A lot of Toastmasters members join to help overcome any nervousness they feel when public speaking or presenting, so you’re not alone if you feel a little uneasy. These tips are a simple guide to help you build your speech into something you feel confident in presenting, and we’ve added a few handy tricks to help with your delivery because your speech isn’t just about what you say - it’s how you say it, your use of eye contact and your body language too!

  1. Start with having a think about why you’re at Toastmasters and how you got there. Is it to help with your job? Or perhaps you’re making a speech at a wedding? Maybe you just want to meet new people from a variety of backgrounds who can help you develop both personally and professionally, with improved communication as an added bonus. We all join for a variety of reasons, and it can be a good starting point for your first speech.

  2. Pick a few short stories that let us know a bit about you. It’s always easier to tell a story that you know, because it’s more conversational and is clear in your mind.
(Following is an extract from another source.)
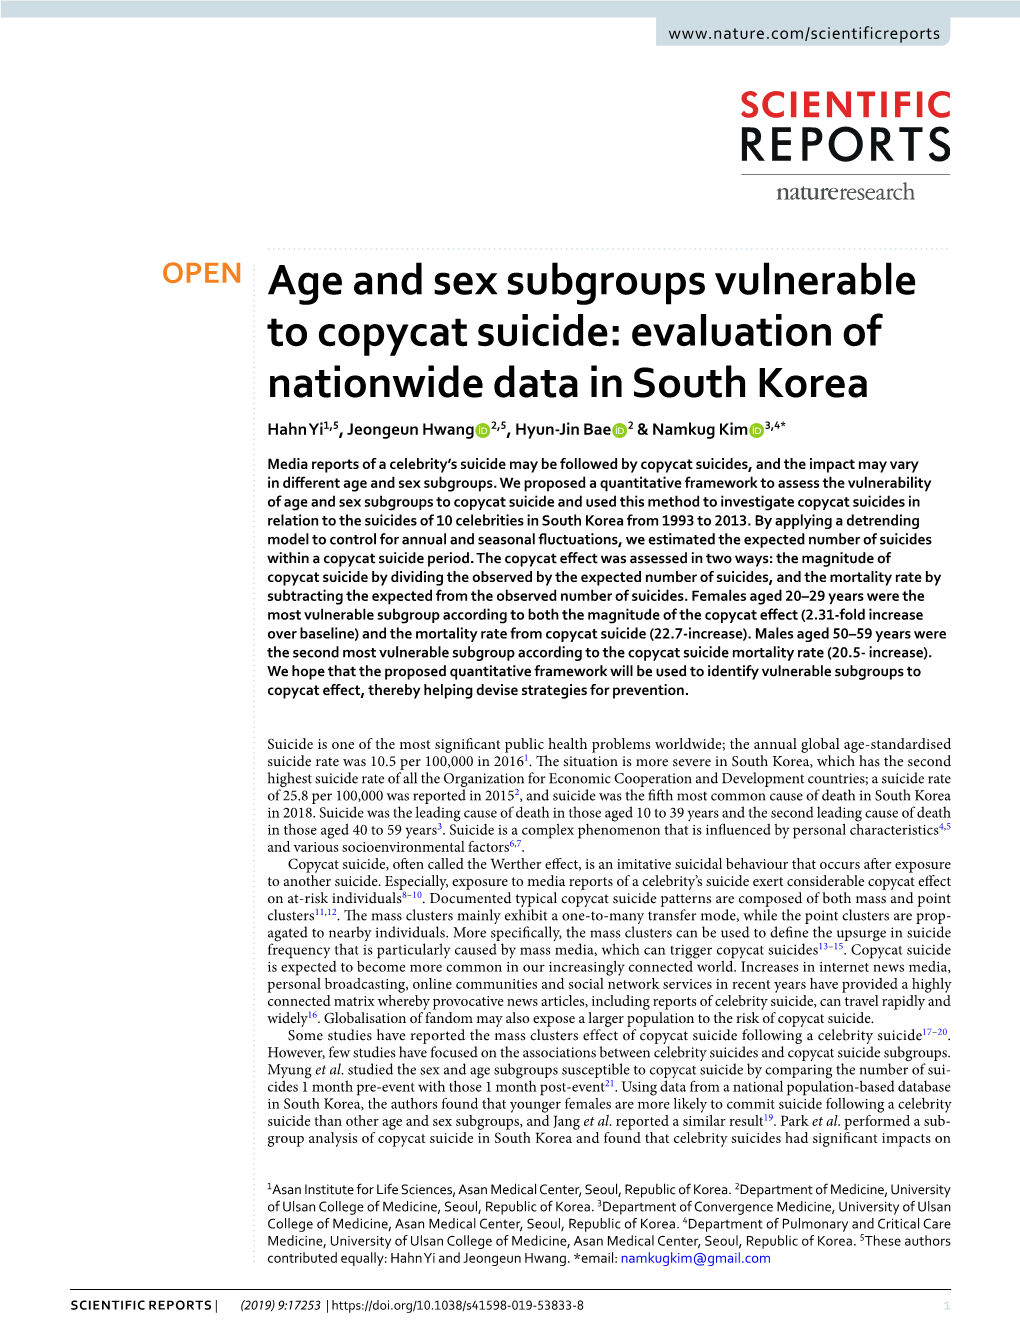 Age and Sex Subgroups Vulnerable to Copycat Suicide: Evaluation of Nationwide Data in South Korea Hahn Yi1,5, Jeongeun Hwang 2,5, Hyun-Jin Bae 2 & Namkug Kim 3,4*

A familiar story means you can include details that help set the scene or explain more about you, meaning the time is filled pretty easily!

  3. Try and plan the outline of your speech, but don’t write it word for word. It can add unnecessary pressure and make it more robotic if you’re trying to recite it perfectly. Instead, use a few bullet points for what you want to cover and run through them as if you’re having a conversation. No one will know if you’ve said everything you wanted to say, so don’t panic if you forget to mention one of your bullet points! Plus, you can have your notes up there to help prompt you if you need them.

  4. Write your speech for how you would speak, don’t make it overly formal. Your tone is important for getting across your personality, which is the point of the ice breaker speech. If you’re naturally quite funny, add some humour into it, if not, don’t try and force it. Just be you!

  5. Try using visual aids. Not only could this help with keeping you on track in terms of reminding you what to talk about but also gives the audience something to look at to help them follow the speech. If you think they might be distracting, to you or the audience, then don’t use them. There’s no right or wrong!

  6. Practice standing confidently. Plant your feet to the floor and pretend you have two shopping bags in your hands. This will stop you from fidgeting, or standing with your hands in your pockets or clasped. It’s normal to want to stand in a ‘protective stance’, but opening yourself up not only connects you to your audience but also helps you feel and look more confident. If you want to, and it’s appropriate, you can further move with your speech. Movements need to be purposeful, from simple hand gestures to taking steps on the stage to demonstrate a change in time, or a progression in the story. Don’t put pressure on yourself to move for the sake of moving, and be careful not to go overboard with hand gestures or the famous windmill arms! Some of the best speeches are just a person, stood still, so move if you want to, or don’t!

  7. Connect with the audience. Eye contact is crucial in connecting with the people watching. It can be a little odd if you’re new to it, but it helps break down the barrier that can sometimes be felt between a speaker and the audience. It helps make it feel more conversational than formal, which hopefully helps put you at ease.

  8. Smile. We promise everyone watching is rooting for you to do well, and if you mess up, don’t worry about it! We all do! Just keep going, it’s a safe space to practice making mistakes, it’s how we learn and grow to be a better communicator.

  9. The feedback and evaluations are perhaps more important than the speech itself! It will allow you to understand what went well and what could be developed for next time. Listen to feedback from other speeches too, you’ll be surprised at how much you’ll learn from other people’s evaluations.

  10. Breathe! When we get nervous, it’s our body’s natural response to get sweaty palms, perhaps forget things and ramble. Rather than filling your speech with words like ‘erm’ and ‘soooo,’ just stop and breathe. If you need to look at your notes to jog your memory, do it. Try a few deep breaths, right down into your belly. It helps your body relax, your heart rate will come down and your hands will stop sweating. This is not a test. It’s a place to learn, grow and develop as a speaker.

We hope these tips are helpful, not only for your first speech but for any situation where you’re standing up and speaking. The main thing is to RELAX, but we know it’s much easier said than done sometimes. We’re all here to become better at communicating, and everyone has to start somewhere.

So well done on taking your first step to develop as a public speaker, we look forward to being on that journey with you, and finally good luck!